An example of the DE png file (astrocytes.vs.Oligos_SelectAll:Everything_NEBULA.png):

8.3 Example 3

In this example, we show how to perform DE analysis using multiple software. In the config file, each line is a comparison, and for the same comparison (treat v.s. control), we can set up multiple runs using different DE tools as below:

comparisonName,sample,cluster,group,alt,ref,covars[+ separated],method[default NEBULA],model[default HL]
Treated_vs_Control_nebula,library_id,sctHarmony_cluster_predicted.celltype,Treatment,Treated,Vehicle,,NEBULA,HL
Treated_vs_Control_t_test,library_id,sctHarmony_cluster_predicted.celltype,Treatment,Treated,Vehicle,,t_test,
Treated_vs_Control_u_test,library_id,sctHarmony_cluster_predicted.celltype,Treatment,Treated,Vehicle,,u_test,
Treated_vs_Control_edgeR,library_id,sctHarmony_cluster_predicted.celltype,Treatment,Treated,Vehicle,,edgeR,
Treated_vs_Control_limma,library_id,sctHarmony_cluster_predicted.celltype,Treatment,Treated,Vehicle,,limma,
Treated_vs_Control_DESeq2,library_id,sctHarmony_cluster_predicted.celltype,Treatment,Treated,Vehicle,,DESeq2,
Treated_vs_Control_MAST,library_id,sctHarmony_cluster_predicted.celltype,Treatment,Treated,Vehicle,,MAST,
Treated_vs_Control_limma_cell_level,library_id,sctHarmony_cluster_predicted.celltype,Treatment,Treated,Vehicle,,limma_cell_level,
Treated_vs_Control_glmmTMB,library_id,sctHarmony_cluster_predicted.celltype,Treatment,Treated,Vehicle,,glmmTMB,poisson
Treated_vs_Control_ancova,library_id,sctHarmony_cluster_predicted.celltype,Treatment,Treated,Vehicle,,ancova,

Please note that NEBULA and glmmTMB require model information.

For NEBULA, users can choose from HL and LN, and the pipeline uses ‘HL’ by default.
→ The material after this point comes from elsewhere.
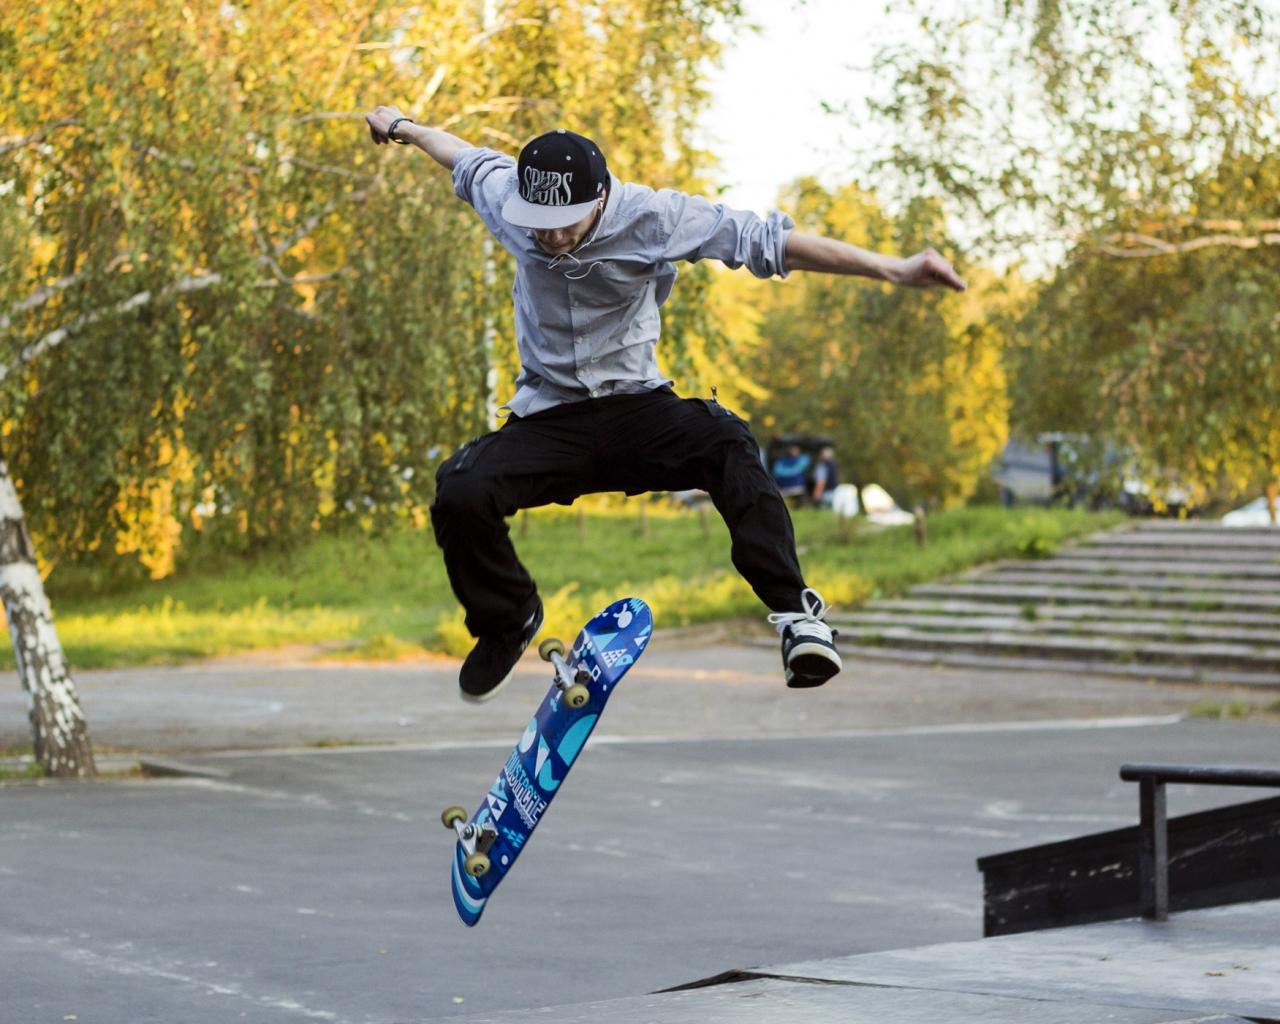 Trucos con skate - 1280x1024

The differences between them can be found in the NEBULA GitHub page:

“NEBULA-LN is faster and performs particularly well when the number of cells per subject (CPS) is large. In addition, NEBULA-LN is much more accurate in estimating a very large subject-level overdispersion. In contrast, NEBULA-HL is slower but more accurate in estimating the cell-level overdispersion.”

For glmmTMB, it is required to choose a model from the following: “nbinom2”, “nbinom1”, “poisson”, “nbinom2zi”, “nbinom1zi”.